## THE TASK
Beginning with the line below that contains "Image is of a silver and white motorhome" and ending with the line that contains "FREE PEOPLE PACIFICA", copy every line exactly. Copy nothing else.
** Opening INPUT FOR THIS TASK block **
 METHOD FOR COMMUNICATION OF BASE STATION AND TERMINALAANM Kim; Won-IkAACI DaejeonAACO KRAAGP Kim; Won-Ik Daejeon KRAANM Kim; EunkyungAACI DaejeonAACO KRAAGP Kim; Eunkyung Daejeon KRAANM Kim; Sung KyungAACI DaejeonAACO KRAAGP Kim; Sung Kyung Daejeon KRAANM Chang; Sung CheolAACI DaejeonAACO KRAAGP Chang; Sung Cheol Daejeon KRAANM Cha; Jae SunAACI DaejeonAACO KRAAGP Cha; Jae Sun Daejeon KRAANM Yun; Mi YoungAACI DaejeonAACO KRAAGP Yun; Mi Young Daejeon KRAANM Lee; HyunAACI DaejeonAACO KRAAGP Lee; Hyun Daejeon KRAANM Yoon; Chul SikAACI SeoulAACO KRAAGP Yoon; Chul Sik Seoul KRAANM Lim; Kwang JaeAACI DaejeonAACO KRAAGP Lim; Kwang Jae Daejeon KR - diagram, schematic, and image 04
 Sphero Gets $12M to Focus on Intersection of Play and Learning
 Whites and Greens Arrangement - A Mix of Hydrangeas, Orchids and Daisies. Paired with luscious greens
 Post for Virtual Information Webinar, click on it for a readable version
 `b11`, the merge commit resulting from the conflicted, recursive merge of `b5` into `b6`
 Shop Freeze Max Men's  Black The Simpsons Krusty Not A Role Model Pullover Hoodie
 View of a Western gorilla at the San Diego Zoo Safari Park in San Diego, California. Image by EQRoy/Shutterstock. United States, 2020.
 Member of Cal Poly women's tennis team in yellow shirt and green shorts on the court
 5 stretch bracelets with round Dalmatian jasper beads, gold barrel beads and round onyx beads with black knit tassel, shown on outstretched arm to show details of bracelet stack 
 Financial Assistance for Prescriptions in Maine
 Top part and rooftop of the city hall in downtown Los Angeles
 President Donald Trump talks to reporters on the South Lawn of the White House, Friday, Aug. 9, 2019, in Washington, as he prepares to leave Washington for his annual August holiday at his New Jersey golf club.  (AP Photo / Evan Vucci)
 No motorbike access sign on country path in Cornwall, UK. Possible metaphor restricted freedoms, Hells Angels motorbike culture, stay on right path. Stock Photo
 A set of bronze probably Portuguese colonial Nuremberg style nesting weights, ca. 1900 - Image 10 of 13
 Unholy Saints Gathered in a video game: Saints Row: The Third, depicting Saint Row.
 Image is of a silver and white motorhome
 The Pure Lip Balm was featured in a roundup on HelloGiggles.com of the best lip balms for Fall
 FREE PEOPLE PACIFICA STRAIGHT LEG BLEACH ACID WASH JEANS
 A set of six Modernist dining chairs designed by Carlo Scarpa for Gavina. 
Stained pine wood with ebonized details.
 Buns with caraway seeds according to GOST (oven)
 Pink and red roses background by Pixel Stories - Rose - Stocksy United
** Closing INPUT FOR THIS TASK block **
## TASK OUTPUT
 Image is of a silver and white motorhome
 The Pure Lip Balm was featured in a roundup on HelloGiggles.com of the best lip balms for Fall
 FREE PEOPLE PACIFICA STRAIGHT LEG BLEACH ACID WASH JEANS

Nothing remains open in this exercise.